FIG. 2 shows that the stiffening ribs 15 are overmolded on the rear
side of the first panel portion 12, while the second panel portion
13 is overmolded on the front side of the first panel portion
12.
[0053] At least one of the stiffening ribs 15 may extend
substantially across the first panel portion 12. Alternatively or
additionally, at least one of the stiffening ribs 15 may extend
around the hinge attachment portion.
[0054] In this embodiment, as illustrated more precisely in FIG. 3,
some, preferably most of, preferably each of the at least one
stiffening rib 15 has at least one end 15a thereof directly
connected to the second panel portion 13. Thus, a plurality of flow
paths is established for molding the stiffening ribs 15. As
explained earlier, the overmolding process is thereby improved.
[0055] Turning to FIG. 4, it can be seen that in this embodiment,
the second panel portion 13 completely covers a side, e.g. a front
side, of the first panel portion 12. This ensure mechanical
continuity and integrity of the vehicle tailgate structure 10, as
the second panel portion 13 fully supports the first panel portion
12, and, as explained previously, eliminates the need for an inner
trim to hide the first panel portion 12 from the vehicle inside, as
overmolding can already achieve a satisfactory surface quality.
[0056] As mentioned earlier, the second panel portion 13 may be
overmolded onto the first panel portion 12 by injection molding. To
ensure that the first panel portion 12 moves as little as possible
during the injection, injection ports or gates may be located
opposite the first panel portion 12. Thus, following the molding
through one or several injection gates, injection gate marks may be
left on the second panel portion 13, in particular on the front
side thereof. However, the injection gates may be located so that
marks will be left in locations that will be eventually hidden. For
instance, the vehicle tailgate structure 10 comprises an actuator
attachment portion 28 which is configured to receive an actuator
attachment part, the actuator being configured to assist an opening
and/or closing operation of the vehicle tailgate 110. In this
embodiment, the actuator may be a gas spring configured to urge the
vehicle tailgate 110 in the open position.
[0057] As can be seen in FIG. 4, the second panel portion comprises
an injection gate mark 27 in the actuator attachment portion 28. An
injection gate mark could alternatively or additionally be located
in the hinge attachment portion 26, which is to be covered by the
hinge attachment part.
[0058] FIG. 5 is a perspective view showing the cross-section of
the vehicle tailgate structure of FIG. 2 along plane V-V. As can be
seen in FIG. 5, the bent strip 14 has a bending angle t1 which is
less than 90.degree., preferably less than 80.degree., preferably
less than 70.degree., preferably less than 60.degree., with respect
to said adjacent portion. That is, the angle t2 between the bent
strip 14 and an adjacent portion of the first panel portion 12
(i.e., the angle t2 that is supplementary to the above-mentioned
bending angle t1) is not a right angle, and is greater than a right
angle. In this embodiment, the bending angle t1 is approximately
45.degree. for most of the bent strip 14. With this provision, it
is ensured that the fibers of the first panel portion are not
broken due to the angle of the bent strip 14 and remain sound and
continuous between the bent strip 14 and said adjacent portion,
thereby ensuring a satisfactory transfer of stresses. However, the
angle may vary along the extension of the bead 14. For instance, as
can be seen in FIG. 5, the upper bent strip portion 14c is slightly
flattened, with respect to the other portions of the bent strip 14.

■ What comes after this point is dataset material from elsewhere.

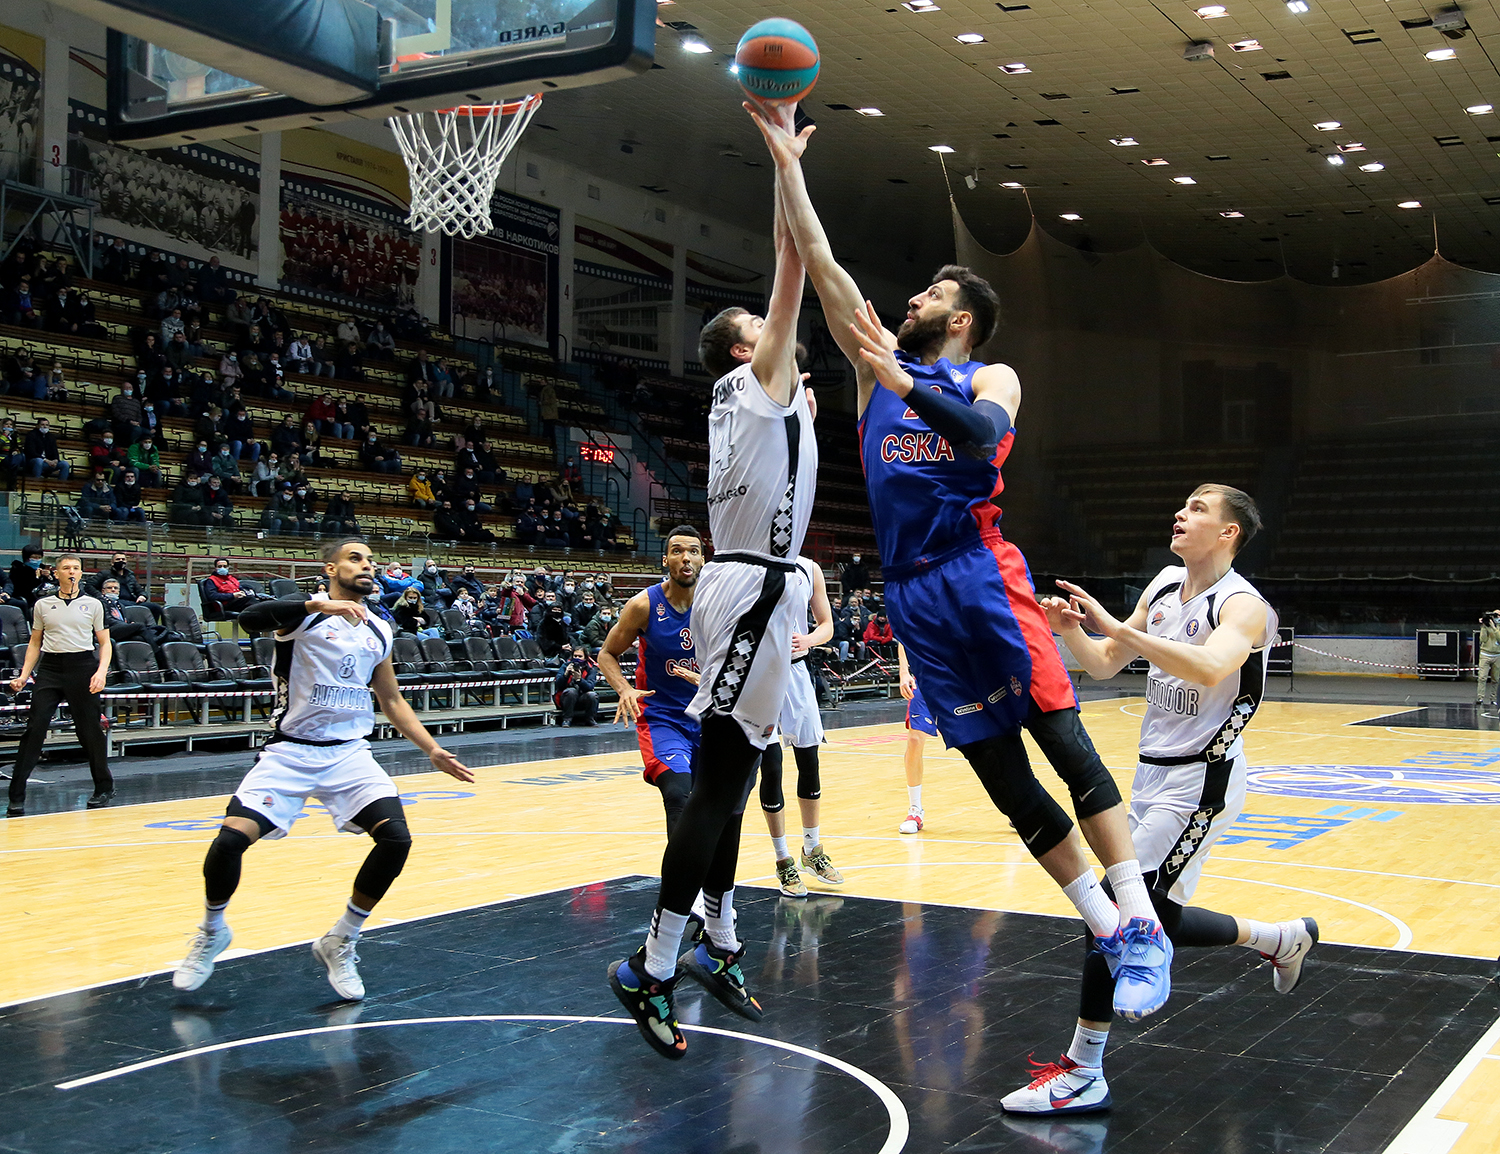 CSKA win in Saratov and continue to chase Zenit

Such flattening may be provided for assembly reasons.
[0059] As can be seen in FIG. 6, in this embodiment, the second
panel portion 13 has a bead 17 supporting the bent strip 14. The
bead 17 is a dent of the second panel portion 13 which may not be
required by design constraints, but be provided exclusively to
support the bent strip 14. The bead 17 also increases the stiffness
of the vehicle tailgate structure 10, all the more so as it is
provided close to or in an area of high stresses, namely the
transverse beam 22 or even the hinge attachment portion 26.

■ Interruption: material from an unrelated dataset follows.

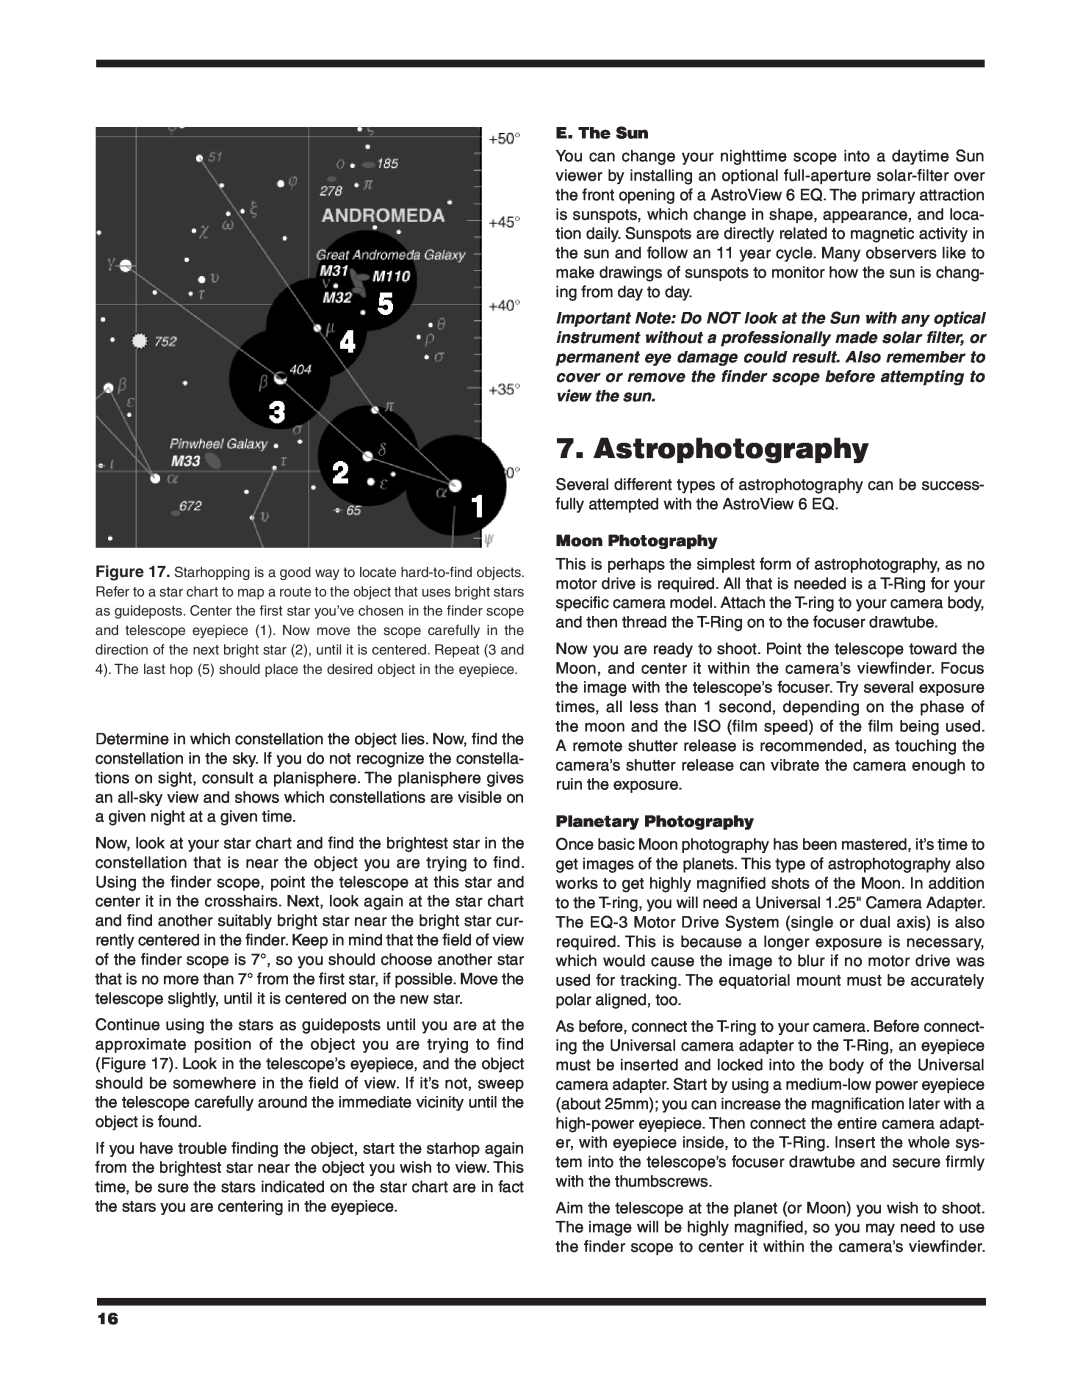 Orion 9827 instruction manual Astrophotography, E. The Sun, Moon Photography, Planetary Photography

Besides, as illustrated in FIG. 6, the bead 17 is provided on an
inner side, in the width direction, of the first panel portion 12;
the bead 17 is configured to support the inner bent strip portion
14d. Other portions of the bent strip 14 may be supported by
design-constrained corrugations of the second panel portion 13.
[0060] In this embodiment, the bead 17 has substantially a V-shaped
cross-section. However, other shapes may be contemplated.
[0061] Further advantages of the bead 17 will be explained with
reference to FIG. 7, which diagrammatically illustrates an
embodiment of a method of manufacturing a vehicle tailgate
structure such as the one described above. Note that the left-right
direction of FIG. 7 is inverted with respect to that of FIG. 6.
[0062] As previously indicated, the method of manufacturing
comprises providing a mold having a cavity comprising a body
portion forming portion for forming a body portion 20, a transverse
beam forming portion for forming a transverse beam 22, and side
beam forming portions for forming side beams 24L, 24R configured to
connect the transverse beam 22 to the body portion 20, wherein the
transverse beam forming portion is configured to form a hinge
attachment portion 26 configured to receive a hinge attachment
part. The mold comprises a first mold portion 30 and a second mold
portion 32, defining therebetween said cavity.
[0063] The first panel portion 12 is inserted into the cavity,
specifically onto the first mold portion 30 as illustrated. A
curved portion 36 of the first mold portion 30 is provided so as to
form the bent strip 14. As explained previously, the first panel
portion 12 may be pre-heated before its insertion into the cavity,
so as to be deformable and correctly form the bent strip 14, e.g.
against the curved portion 36. As the bending angle t1 of the bent
strip 14 is less than 90.degree., forming the first panel portion
12 is easy.
[0064] Then, the first and second mold portions 30, 32 are
assembled with each other, e.g. in the tool closing direction M, so
as to close the cavity. Material such as thermoplastic resin is
injected through the injection gate 34 so as to overmold the second
panel portion 13 onto the first panel portion 12. In this case, the
injection gate 34 is provided on the second mold portion 32, that
is, opposite the wall of the cavity on which the first panel
portion 12 has been set up. Thus, during injection, the injection
pressure pushes the first panel portion 12 against said wall.
Accordingly, the first panel portion 12 is prevented from moving
inside the cavity and the shape of the first panel portion 12 is
kept more accurate.
[0065] Furthermore, due to the bending angle t1 being less than
90.degree., there is no large undercut that would be filled by the
thermoplastic and that would result in an enlarged portion of the
second panel portion 13 highly subject to irregular shrinkage.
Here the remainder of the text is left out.